MALAYSIA'S A3 SOVEREIGN CREDIT RATING STRONGER THROUGH GLOBAL CRISIS




KUALA LUMPUR, June 17 (Bernama) -- Malaysia's A3 sovereign credit rating has
been underpinned through the global crisis by its strong external position, deep
and liquid domestic capital markets as well as a well managed financial system,
says Moody's Investors Services in its annual sovereign report.

In a statement here Thursday, Moody's said the sovereign credit outlook is
stable and is adequately supported by favourable expectations for economic
performance and policy management.

This also includes the government's efforts to liberalise investment laws
and foster competition so as to improve the country's growth model.

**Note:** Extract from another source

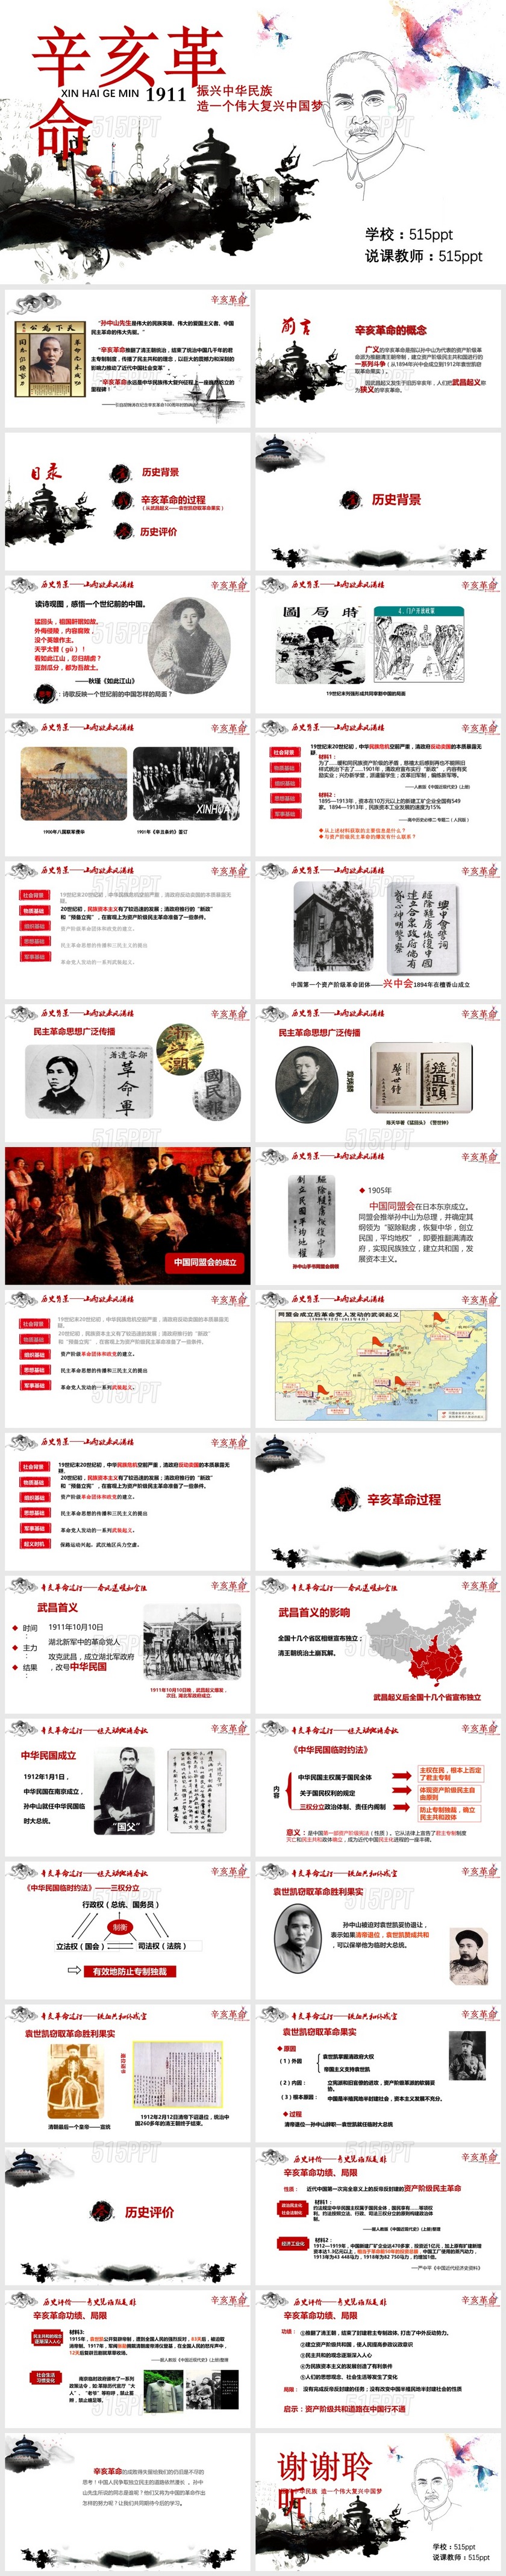 辛亥革命振兴中华民族造一个伟大复兴中国梦PPT模板
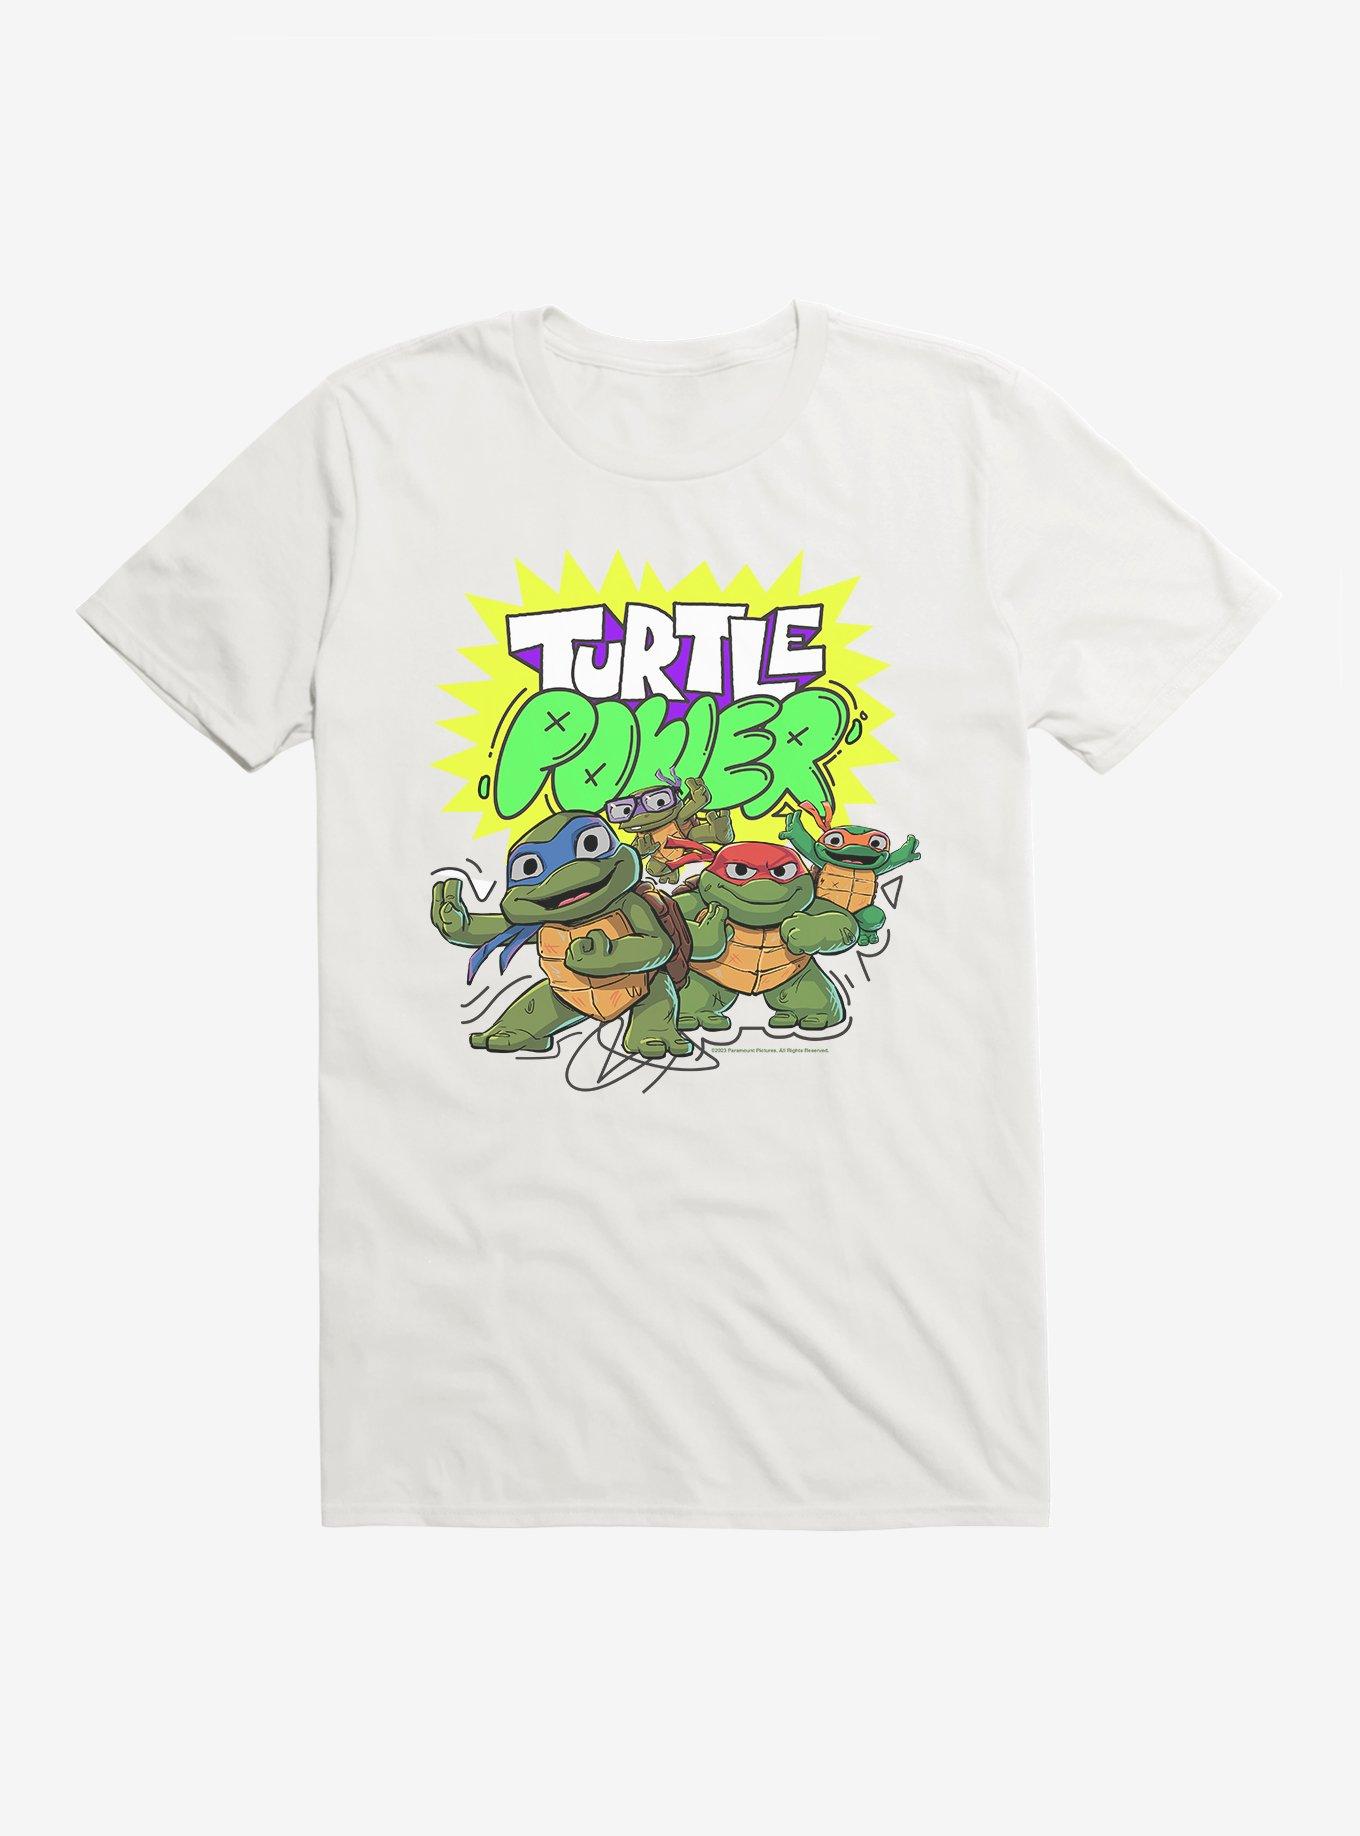 Teenage Mutant Ninja Turtles: Mutant Mayhem Turtle Power T-Shirt

"Malaysia's strong liquidity and deep capital markets have ensured the
"finance-ability" of large fiscal deficits and affordability of higher level of
government debt that was ratcheted up by policy responses to the external shocks
of 2008-09," Moody's Vice President and author of the report, Aninda Mitra,
said.

While Malaysia boasts a well-diversified and reasonable competitive and
externally oriented economy, stabilisation of government's debt level in the
medium term requires stronger economic and fiscal reforms than seen in the
recent past.

Consequently, the government's recent articulation of medium-term policy
goals of enabling greater domestic competition, fostering a knowledge-driven
economy and achieving a higher income status - as contained in its New Economic
Model - represent its strong intent to re-invigorate and re-balance the drivers
of economic growth.

However, a demonstrable commitment to specific medium-term strategies that
may better underpin its relative sovereign credit fundamentals remains pending,
Moody's said.

In particular, the rationalisation and better targeting of fuel subsidies
and the implementation of goods and services taxes are both important.

Moreover, the abilities to heighten local competition and generate greater
domestic private investment are crucial.

Such measures could lift trend growth prospects as well as reduce the
relatively large role of the public sector in capital formation.

Against the backdrop of sound monetary management and sophisticated capital
markets, sustainable improvements in Malaysia's growth fundamentals and the
government's fiscal performance would provide upward rating pressure, it added.